The pFLAG-FOXL2 expression construct was transfected into CHO cells. The lysates were treated with AP, and the resulting dephosphorylated FLAG-tagged FOXL2 proteins were purified by immunoprecipitation, as described above. The pcDNA3.1-His-Xpress-LATS1 expression construct was transfected into CHO cells in normal culture media and purified using protein A coated with LATS1 antibody or Xpress antibody, also as described above. The purified FLAG-tagged FOXL2 proteins were then combined with the immunoprecipitates containing wild-type or mutant His-Xpress-LATS1, and the mixtures were adjusted to 50 mM Tris·HCl, 150 mM sodium chloride, 2 mM ATP, 10 mM magnesium chloride, and 10 mM manganese chloride and incubated at 30°C for 4 h. The protein-gel mixtures were then added to 4× SDS sample buffer and heated at 95°C for 5 min to denature the proteins. The assay products were then analyzed by Western blotting.

Western blotting.

Cell lysates in RIPA buffer, immunoprecipitation products, or kinase assay products were added to 4× SDS sample buffer and heated at 95°C for 5 min to denature the proteins. The proteins were then separated on 7.5 or 12% SDS-PAGE gels and transferred to PVDF membranes. The membranes were incubated with a custom-made FOXL2 antibody (Zymed Laboratories, San Francisco, CA), which was raised against amino acids 20–33 of FOXL2, or with antibodies to LATS1 (Bethyl Laboratories) or phosphoserine (Sigma), washed, and then incubated with HRP-conjugated secondary antibodies. Chemiluminescent detection was performed using enhanced chemiluminescence Western blotting detection reagents (Amersham Biosciences, Piscataway, NJ).

RNA extraction and reverse transcriptase PCR.

Mouse ovaries from fetal (17.5 days postconception), immature (days 13 and 23), and adult (7 wk) mice were harvested from Swiss Webster outbred female mice under an approved Cedars-Sinai Medical Center Institutional Animal Care and Use Committee (IACUC) protocol.
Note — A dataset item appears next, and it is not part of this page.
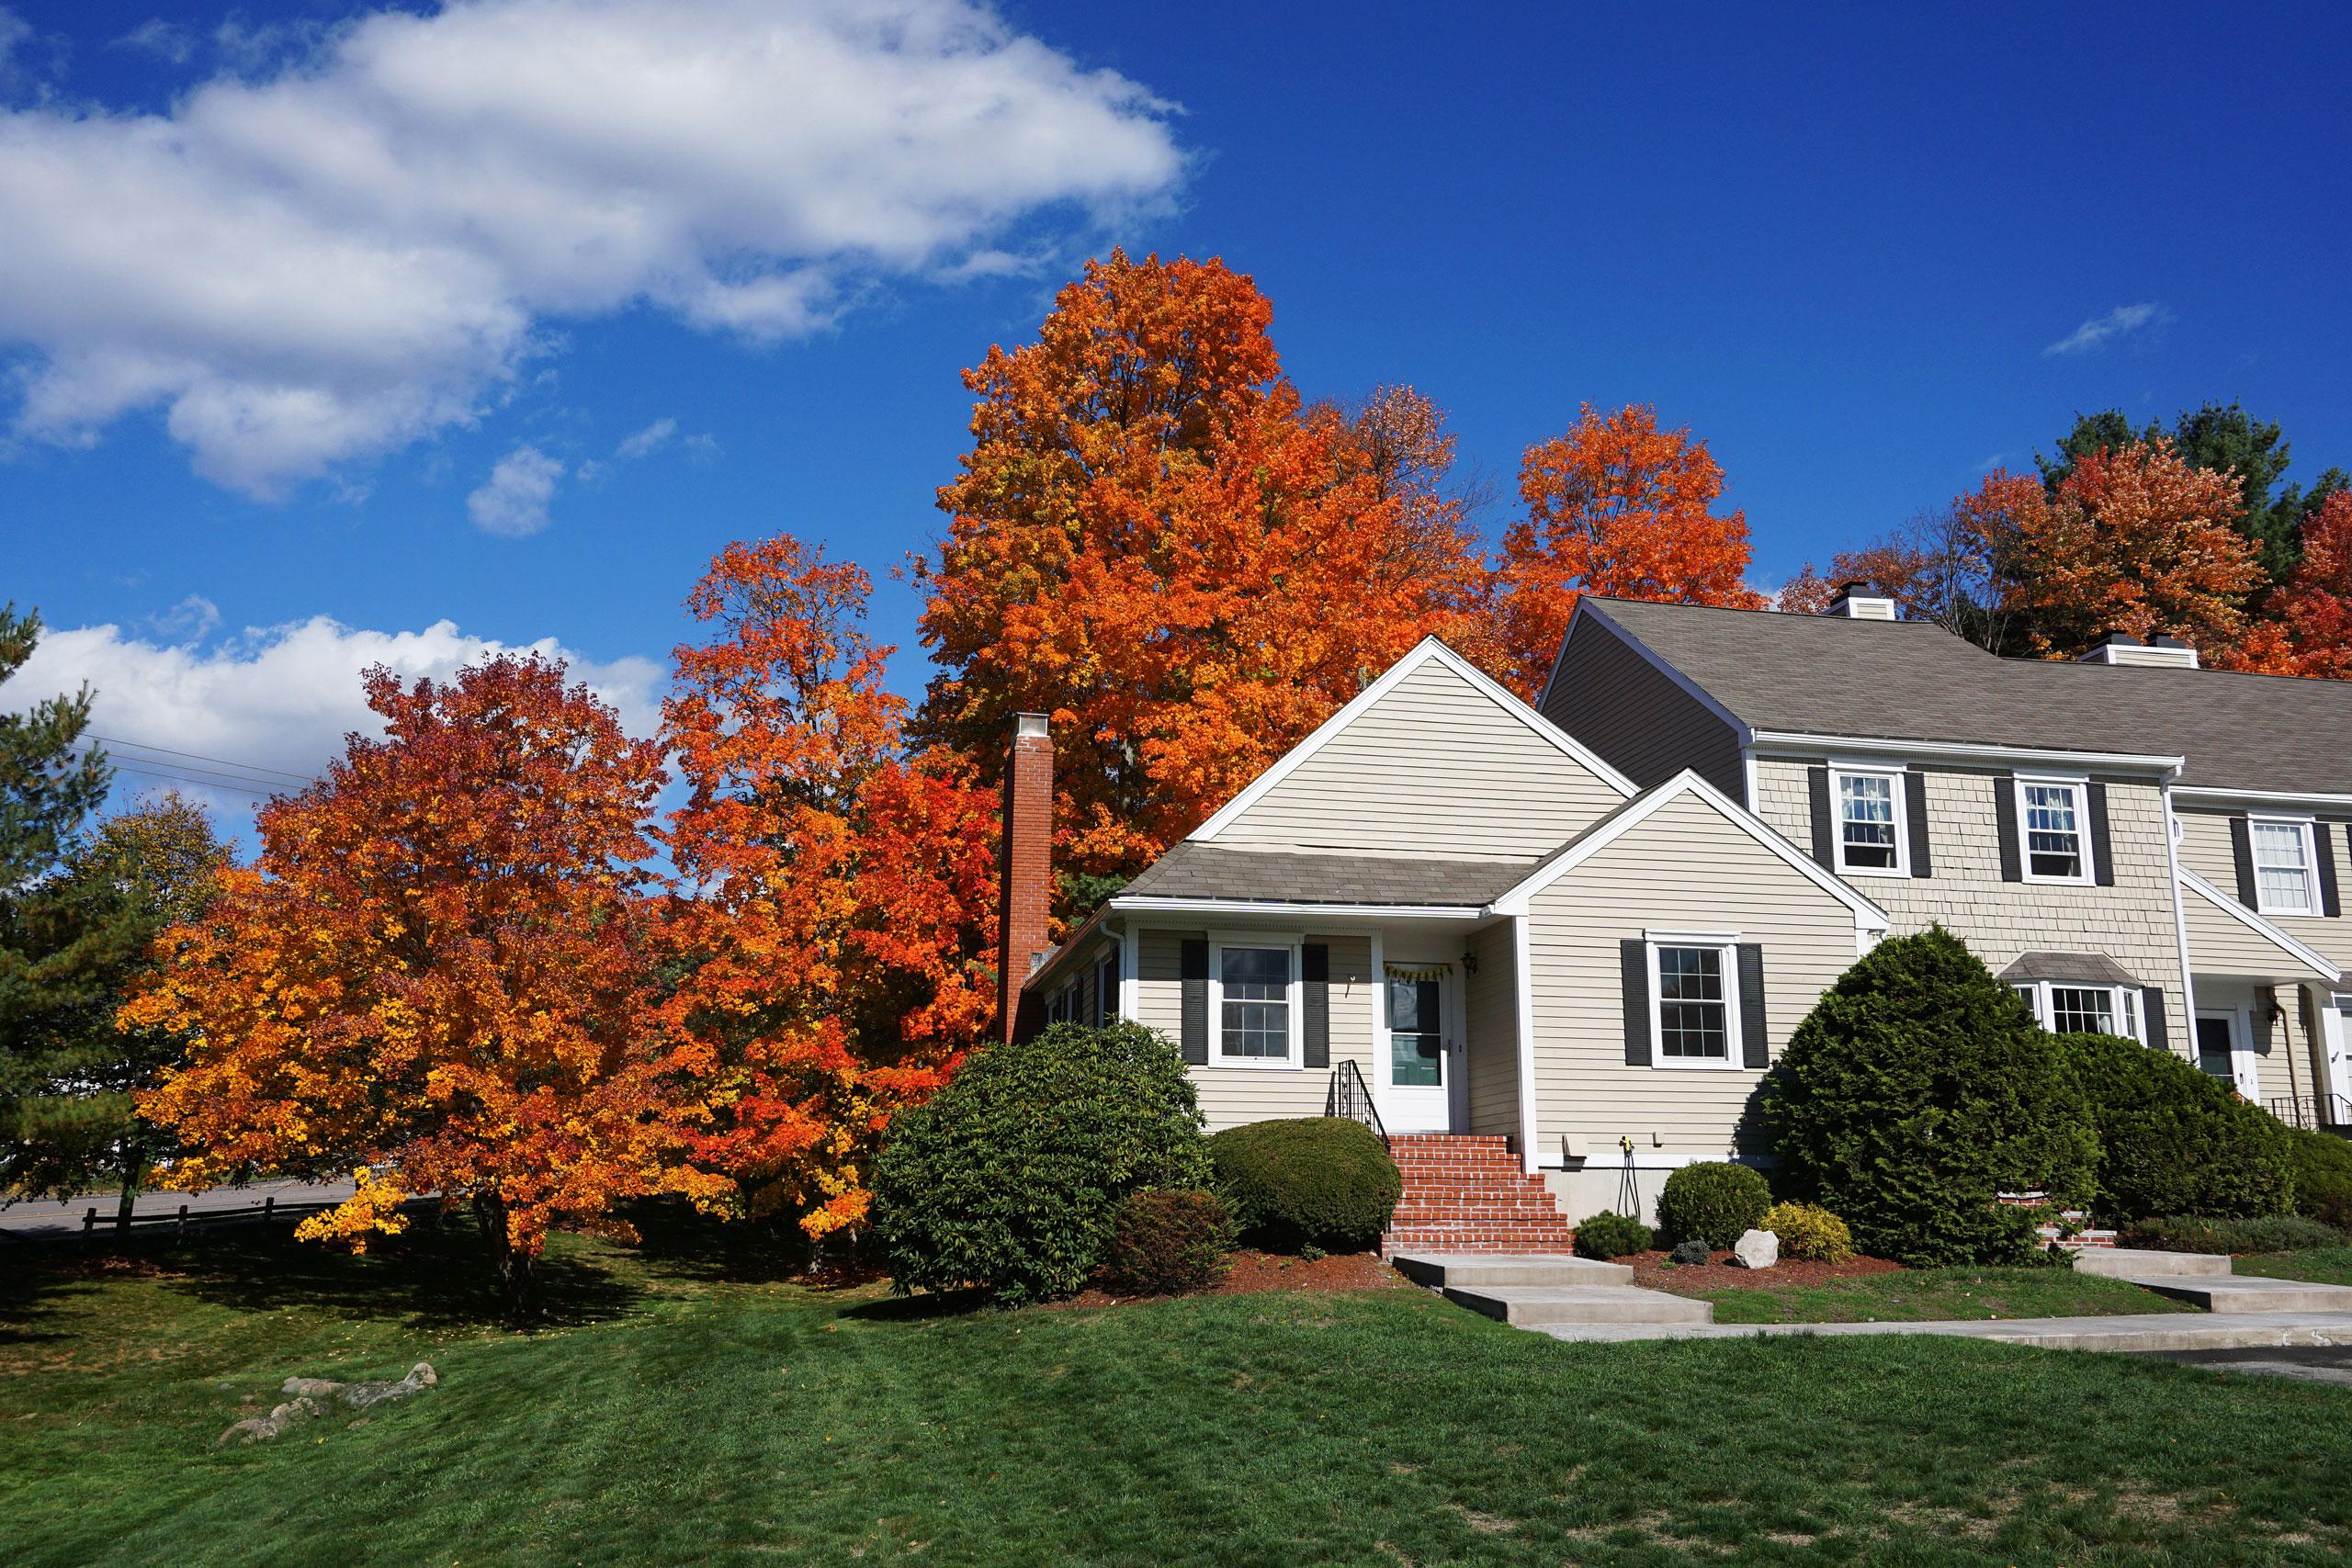 Photo Cet automne sera une période idéale pour vendre votre maison. Voici 7 les avantages spécifiques à ne pas négliger.
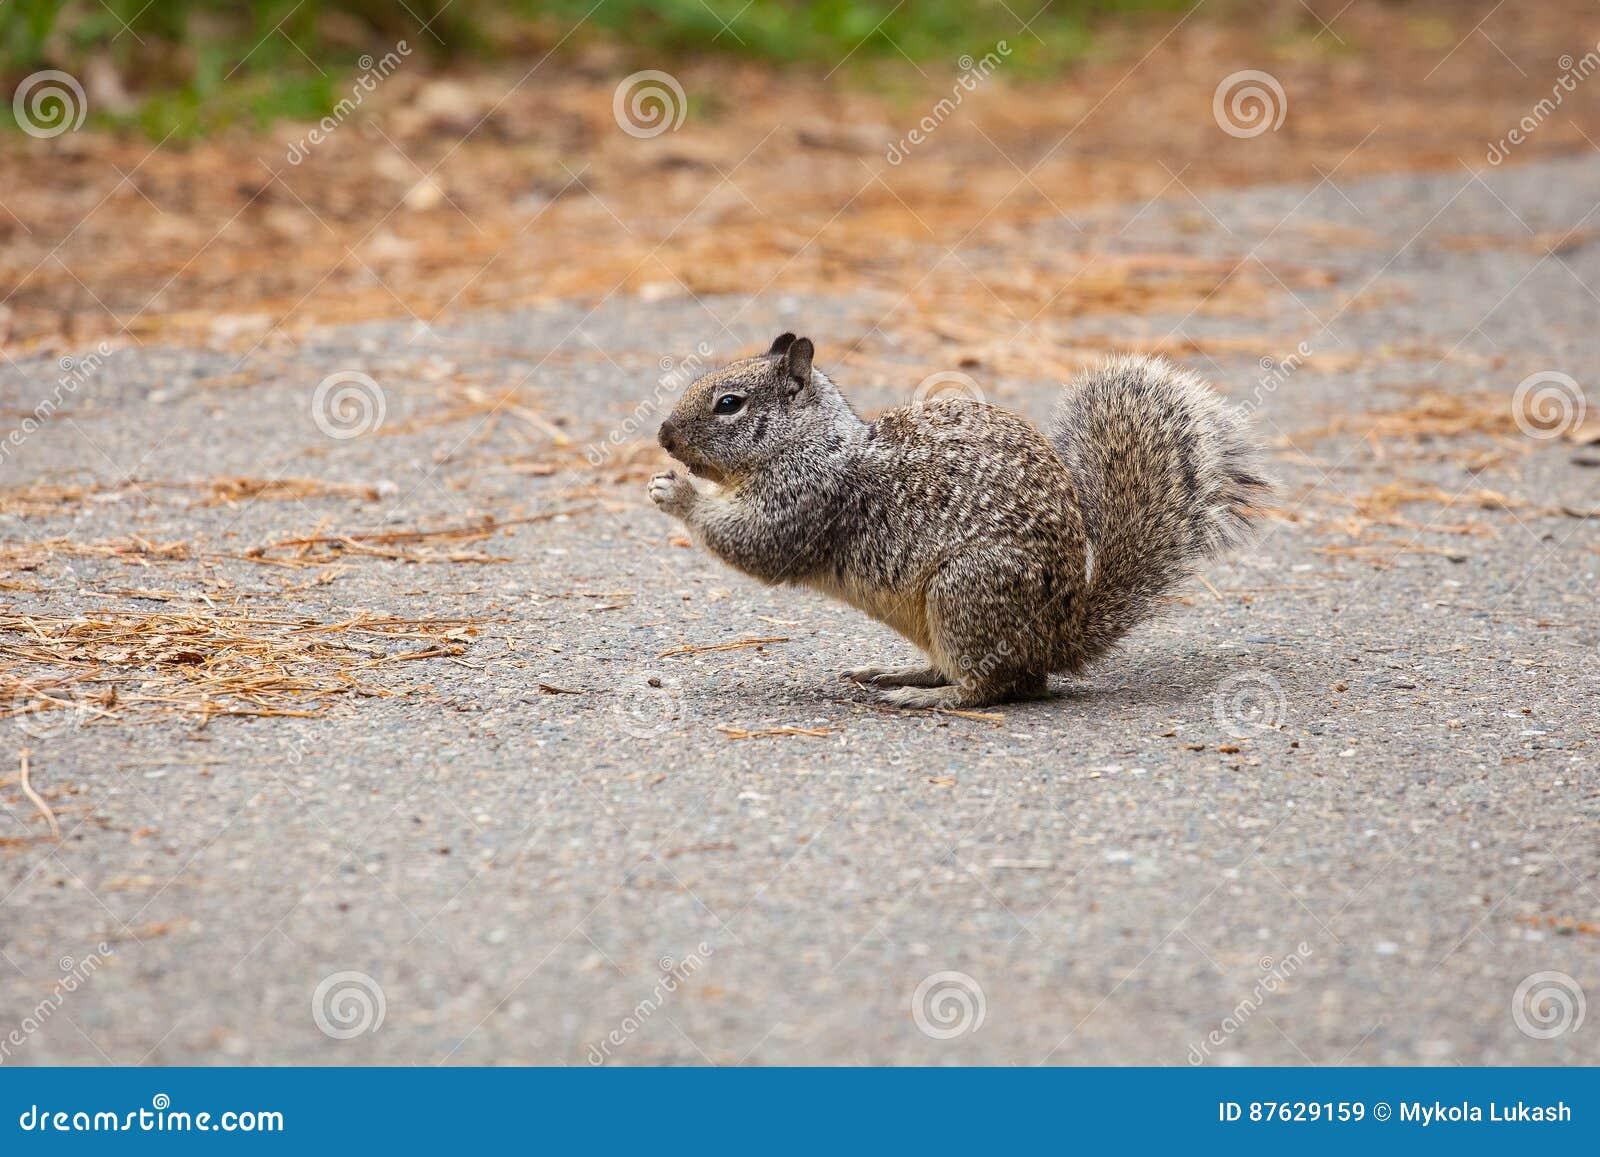 Kalifornia Zmielona wiewiórka w Yosemite parku narodowym, outdoors

Total RNA from whole ovaries was isolated using an RNeasy mini kit (Qiagen, Valencia, CA) and reverse transcribed to generate ovary cDNAs using an iScript cDNA Synthesis Kit (Bio-Rad, Hercules, CA). A LATS1 cDNA sequence was then PCR amplified from these ovary cDNAs using the primers 5′-TGCAGGAAATTCGAAACTCTC TGCTTC-3′ and 5′-GTGAGTTGGGACTCTCAGAATGATAGGCCA-3′. FOXL2 and GAPDH primers were used as described previously (41). Human Ovary PCR-Ready cDNA (Ambion) was used as a positive control, and water was used as a negative control. After PCR, the amplified products were subjected to electrophoresis on 1.5% agarose gels, which were then stained with ethidium bromide to visualize the anticipated fragments. Bands of the expected sizes were eluted, purified using a QIAquick gel extraction kit (Qiagen), and confirmed by sequencing.

Immunohistochemistry.

Ovaries were dissected from immature Swiss Webster outbred female mice at 21 days of age (under an approved IACUC protocol), and slides were prepared, pretreated, and blocked as described previously (31). The slides were then hybridized without primary antibody as a control or with a custom-made FOXL2 antibody (Zymed Laboratories) or with a LATS1 antibody (Santa Cruz Biotechnology, Santa Cruz, CA) for 1 h, followed by incubation with a biotinylated anti-rabbit secondary antibody (Vector) for another 30 min. The slides were then incubated with avidin/biotin complex solution (Vector) for 30 min and stained by adding fresh 3,3-diaminobenzidine tetrahydrochloride solution for 2 min. They were then counterstained with hematoxylin (Sigma) and mounted with Vectamount AQ (Vector).

Promoter activity assays.

CHO cells or FOXL2 stable cells (31) were transfected with 100 ng of the human pcDNA3.1-His-Xpress-LATS1 expression construct (wild-type or D846A mutant) or the pcDNA3.1-His vector backbone with 0.5 μg of the 95-bp human StAR promoter luciferase construct (41) for 24 h. The indicator plasmid pCMV-β-galactosidase was used to estimate transfection efficiency. The total DNA concentration was maintained at 1 μg/well in a 24-well plate through the inclusion of empty pFLAG-CMV-2. Twenty-four hours after transfection, the cells were lysed using reporter lysis buffer and repeated freeze-thaw cycles. The luciferase activities in the cell lysates were determined as described previously (31). Results are reported as relative luminescence units and normalized with β-galactosidase activity.

Statistical analysis.

For promoter assay studies, experiments were performed in quadruplicate, and the standard error (± SE) was shown. Significant differences between groups were analyzed by ANOVA followed by the Neuman-Keuls test using GraphPad Prism software (San Diego, CA). P values <0.05 were considered significant.

RESULTS

FOXL2 interacts with the serine/threonine kinase LATS1.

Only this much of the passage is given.